语义分析
进行语法分析后正确的源代码只能证明是语法方面正确的, 但是语言还有许多语义上的要求和规矩. 语义分析就是基于整个源代码的上下文的分析. <<编译原理与实践>>中对TINY语言的语义规定很简单. 因为TINY中没有声明, 也没有作用域的规定, 表达式的类型只有两种整型和布尔型, 所以整个TINY的语义分析主要集中在对表达式的类型检查上. 而这个检查也是十分简单的, 只有四条规则:
if 后面的表达式要求为布尔型
until 后面的表达式要求为布尔型
write 中的表达式要求为整型
赋值语句中的表达式要求为整型
一 语义分析程序在编译器中的位置
不同的编译器中语义分析程序的实现不同, 语义分析程序可以和语法分析程序整合到一起实现一遍编译, 也可以在语法分析程序生成语法树后对语法树进行单独的处理如图:
二 语法直到定义和属性.
语义分析的根本是对语言的各个元素的属性的合理性的分析. 这个属性就是语言规定的语义如TINY中if后面的表达式一定要求是布尔类型等. 有时候语言符合语法的规定但是不符合语义的规定如TINY中:
if x + 2 then
…
end
这里x + 2是符合语法的规定的但是它的类型是整型不符合上面提到的语义的规定, 语义分析就是要对这种情况进行分析.

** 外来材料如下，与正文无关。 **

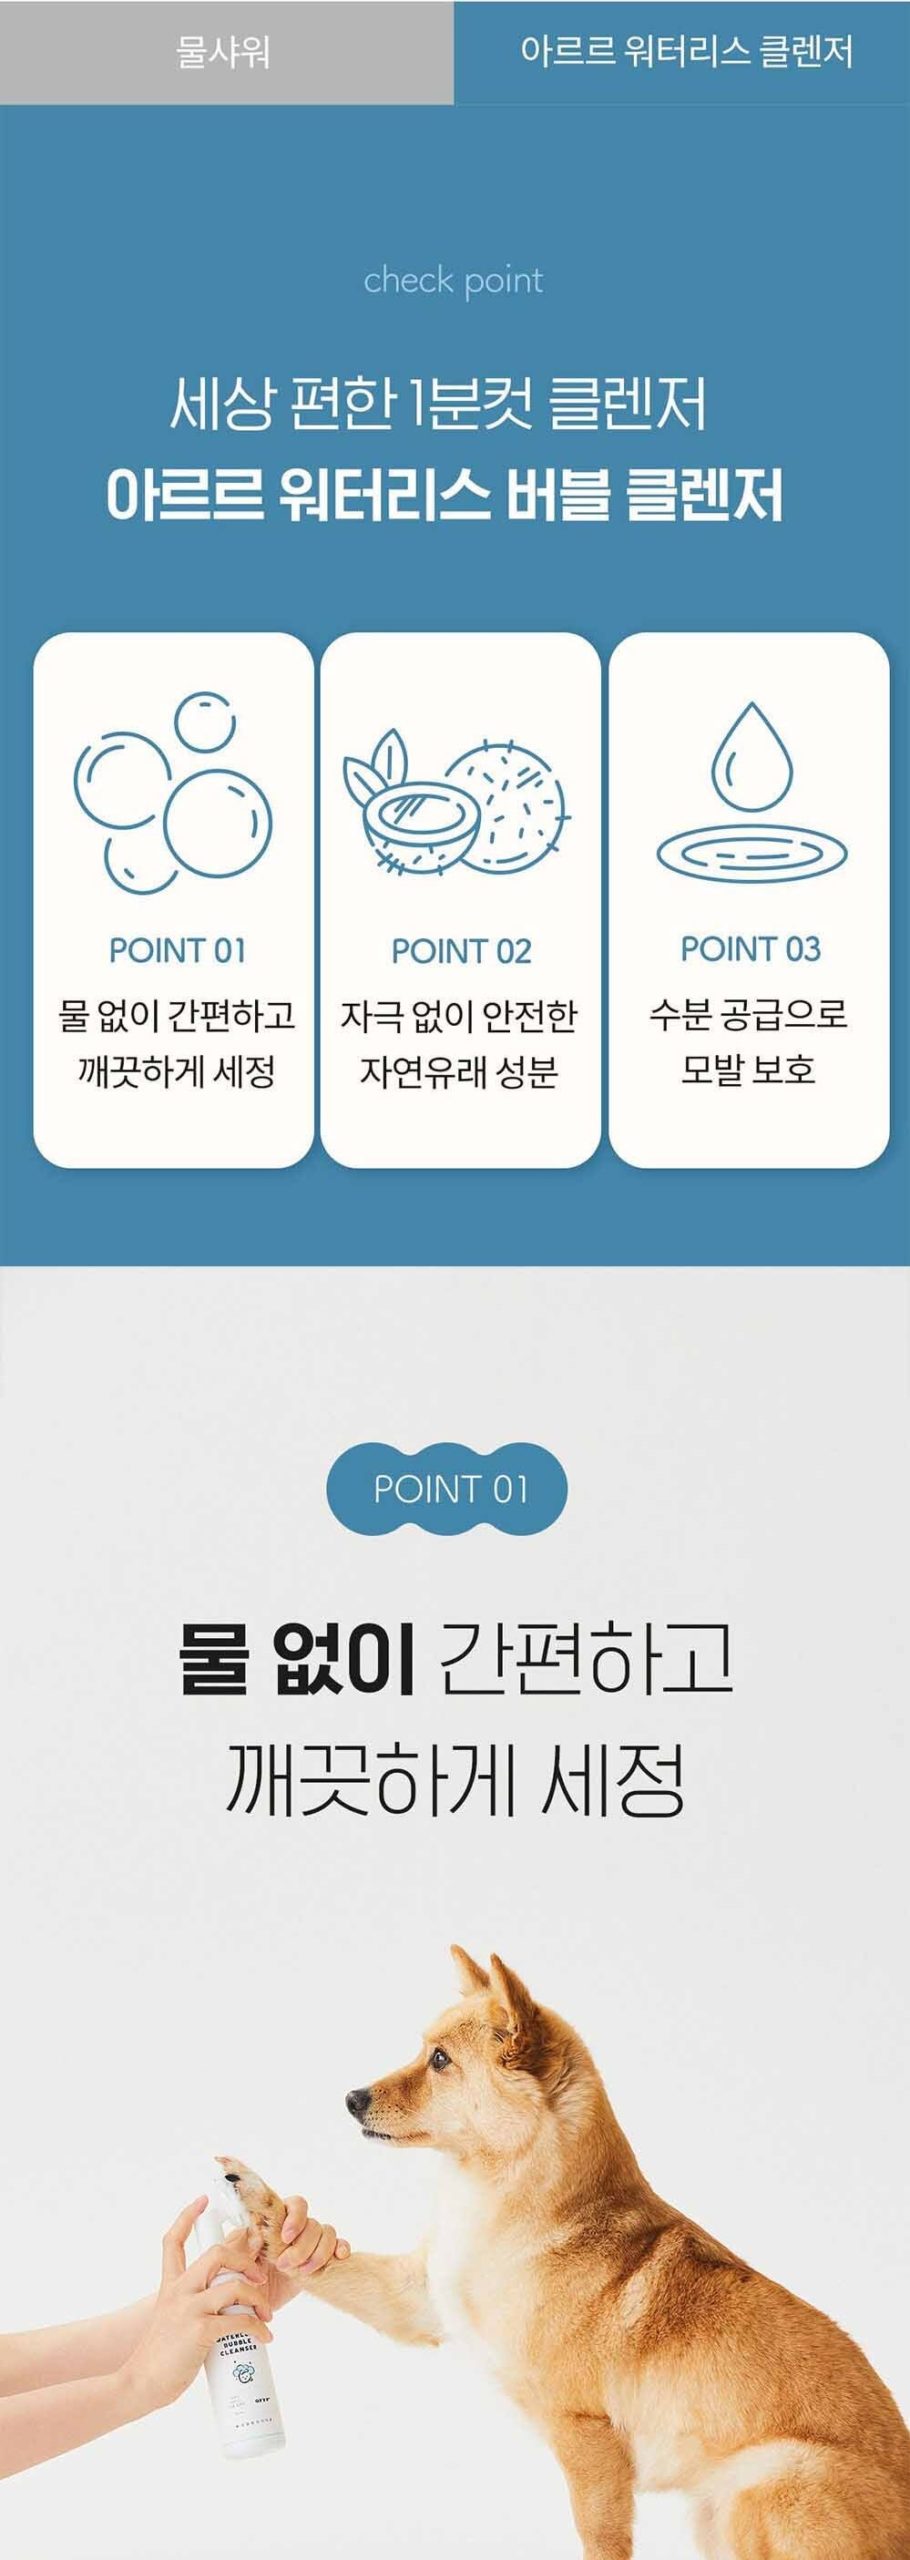 韓國食品-[아르르] 워터리스 버블 클렌저 150ml

语义是使用属性来描述的, 语言的元素都是在语法中描述的, 所以这个语义又与语法相关, 是根据语法来制定的. 如TINY中描述上面语义的属性定义:
9)IF-STMT-> if EXP then STMT-SEQUENCE end
{
if EXP.type <> bool or STMT-SEQUENCE.type = error then
IF-STMT.type = error
else
IF-STMT.type = void
end
}
10)IF-STMT-> if EXP then STMT-SEQUENCT else STMT-SEQUENCE end
{
if EXP.type <> bool or STMT-SEQUENCE1.type = error or STMT-SEQUENCE2.type = error then
IF-STMT.type = error
else
IF-STMT.type = void
end
}
这里{}中的部分就是语义的描述(其中使用的如if <> 等伪代码的描述). 这里只规定的TINY的语法元素只有一种名为type的属性, 它表示这个表达式的属性或者是integer或者是void或者是bool或者是error.

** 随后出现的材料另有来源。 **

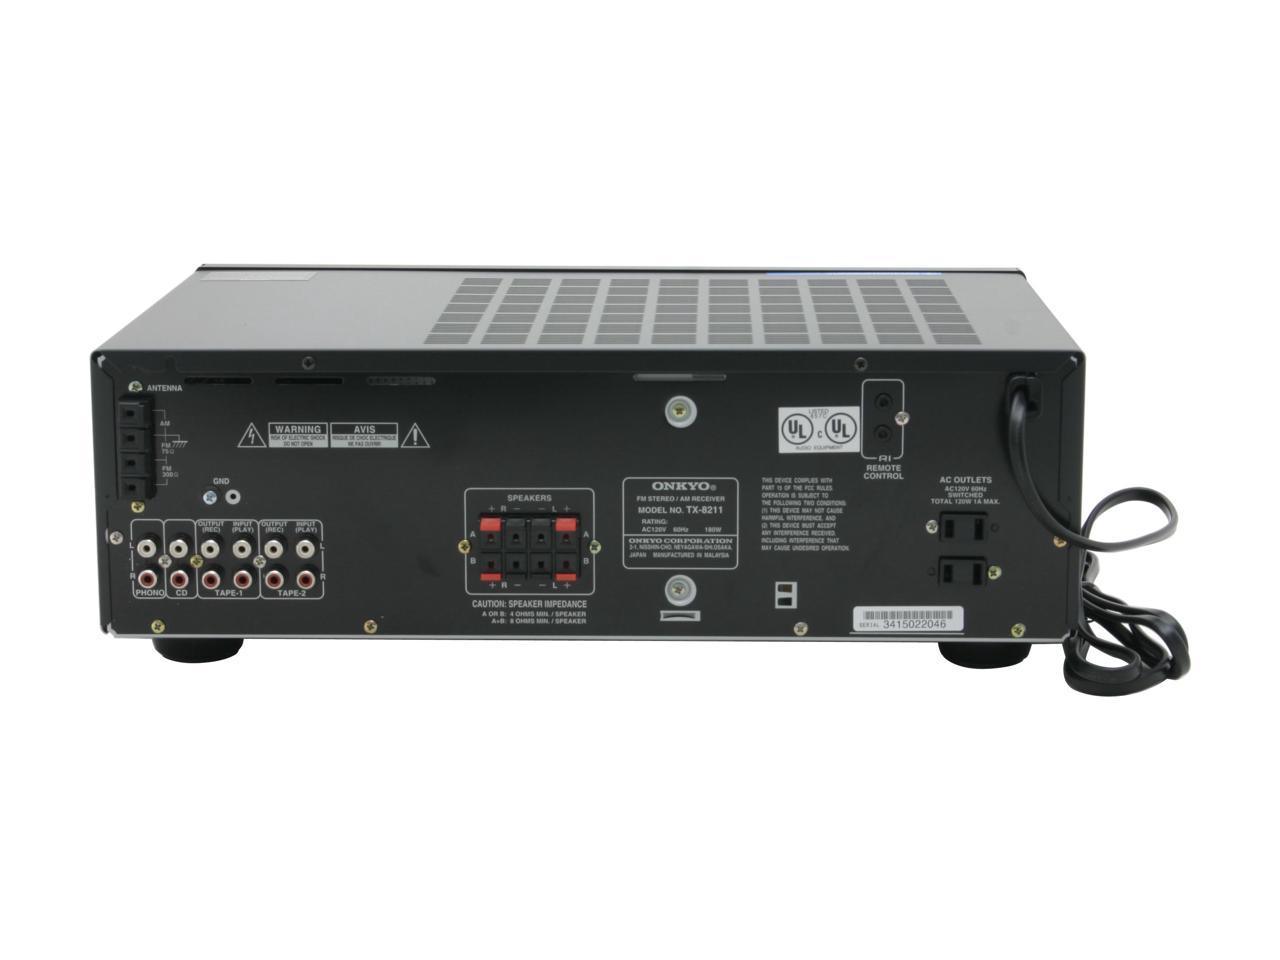 ONKYO TX-8211 Stereo Hi-Fi Receiver - Newegg.com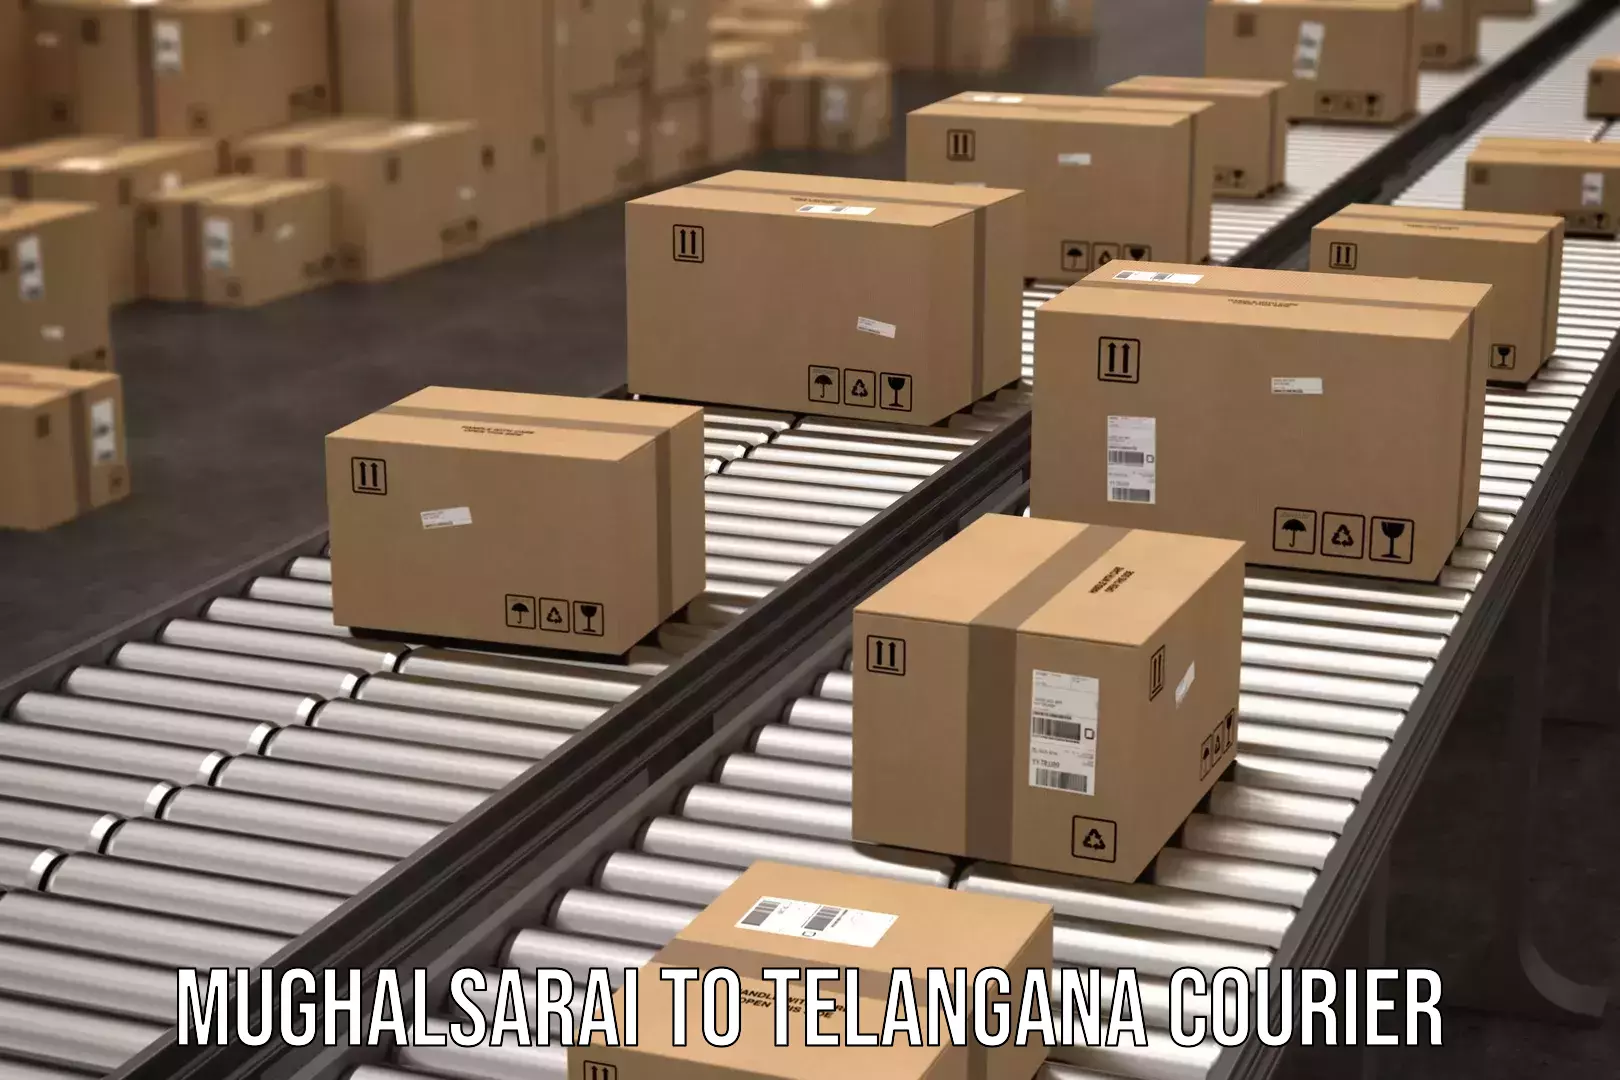 Personal parcel delivery in Mughalsarai to Veenavanka

上面的描述都说明了当if语句中的EXP不是bool类型或者if语句其中的语句序列的属性错误(属性为error)时if语句的属性也是错误的.要不然if语句的属性就是空(void). 这个描述中if的语句都是依赖于它的子表达式EXP和STMT-SEQUENCE的属性, 这种属性是综合属性. 还有一种属性称为继承属性, 当一个产生式中的子表达式中一个属性依赖于这个产生式的属性或者是依赖于其前面的表达式的属性这要的属性是继承属性. 如假设
STMT-SEQUENCE中有一个属性x依赖于IF-STMT某种属性a或者是EXP的某种属性b
如:
9)IF-STMT-> if EXP then STMT-SEQUENCE end
{
STMT-SEQUENCE.x = attr0(IF-STMT.a)
或
STMT-SEQUENCE.x = attr1(EXP.b)
}
求出这个属性前必须已知IF-STMT.a或者EXP.b.
三 语义分析
语法分析分为自顶向下和自底向上的分析, 语法元素的属性也分为继承属性和综合属性, 在自顶向下的语法分析中求出继承属性是十分容易的, 但是求出综合属性很困难. 在自底向上的语法分析中求出综合属性很容易但是求出继承属性却很困难. 龙书中主要讲的就是在语法分析的同时进行语义分析的方法. 包括在自顶向下语法分析中求出继承和综合属性和在自底向上语法分析中求出继承和综合属性的算法.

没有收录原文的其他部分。